Algorithm for evaluation of spin-weighted spherical harmonics

Question

Is there an algorithm to evaluate spin-weighted spherical harmonics (swSH) at arbitrary points on the sphere? In particular I am looking for, e.g. a recursion relation to evaluate the "spin weighted Legendre functions" ${}_sP^m_l$, which satisfy the follow Sturm-Liouville equation

$ \frac{d}{dx}\left(\left(1-x^2\right)\frac{d{}_sP^m_l(x)}{dx}\right)+\left(s-\frac{(m-sx)^2}{1-x^2}\right){}_sP^m_l(x)=-(l-s)(l+s+1){}_sP^m_l(x) $

over the interval $x\in[-1,1]$. Classic papers on swSH inclde this and this (note I took the above equation from 2.5 of this paper substituting $x\equiv-\mathrm{cos}\vartheta$). In particular, I'd like to evaluate integrals such as

$ \int_{-1}^1dx {}_sP^m_l(x)f(x) $

(where f is some function I do know how to evaluate) using Gaussian quadrature.

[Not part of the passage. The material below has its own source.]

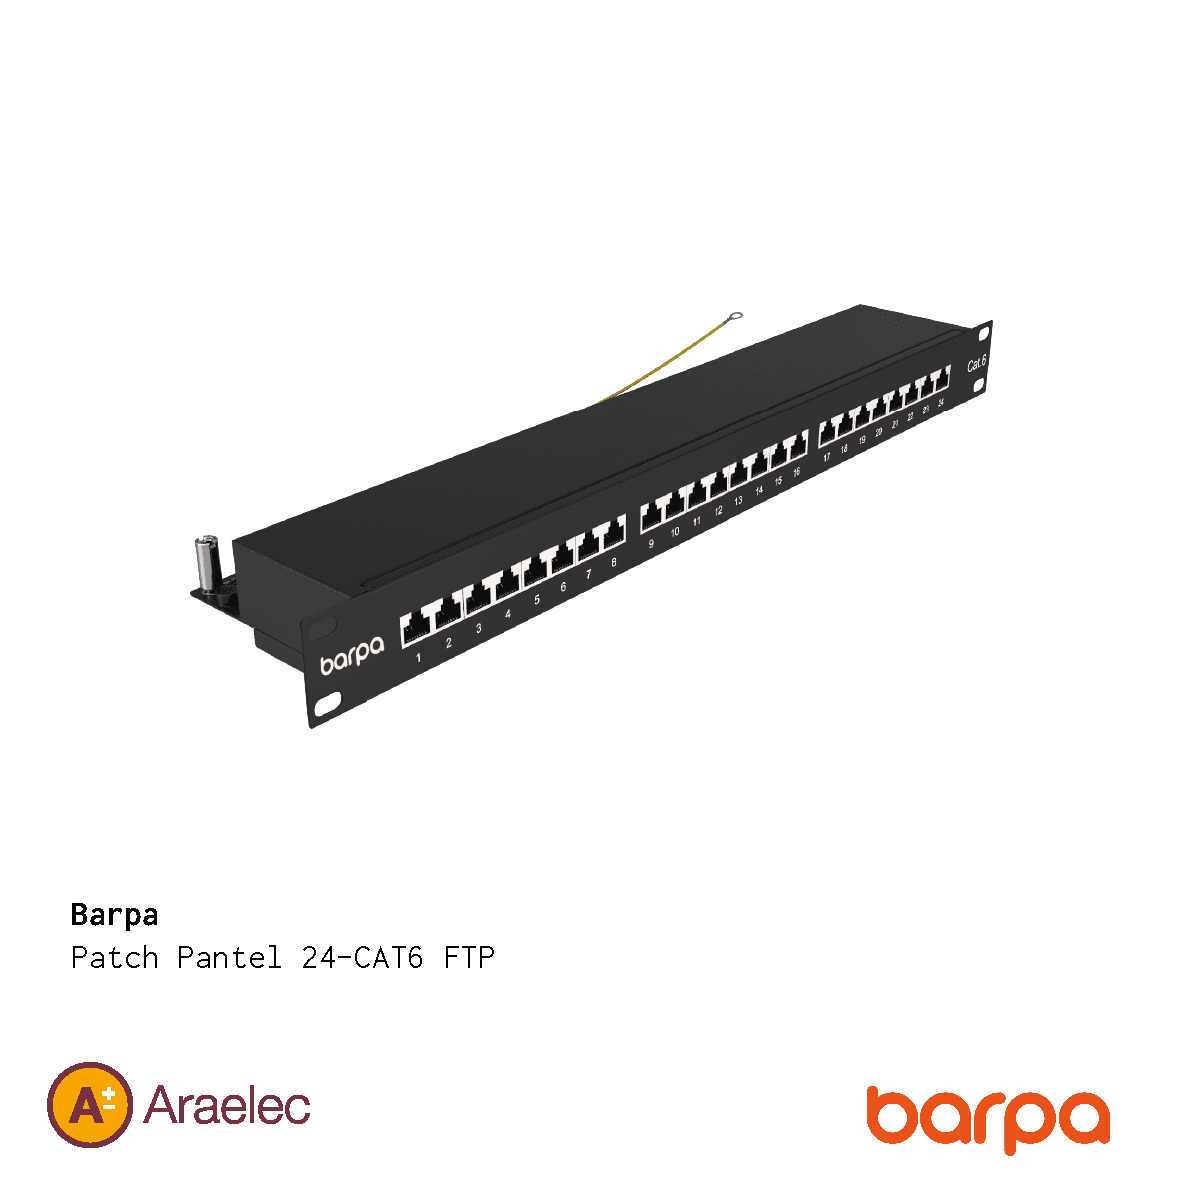 centro de datos_BARPA patch panel 24-cat6 ftp araelec<br />

For context: there exist algorithms to compute discrete spherical harmonic transforms, which require the evaluation of the associated Legendre functions (note $P^m_l={}_0P^m_l$). Is there something similar for swSH?

Answer 1

If I'm not mistaken, these spin-weighted spherical harmonic functions are equivalent to the Generalized Associated Legendre functions. In the reference work Virchenko & Fedotova, you can find recurrence relations in chapter 5, p32. Chapter 15, p. 96, of the same reference discusses integral transforms with the Generalized Associated Legendre functions.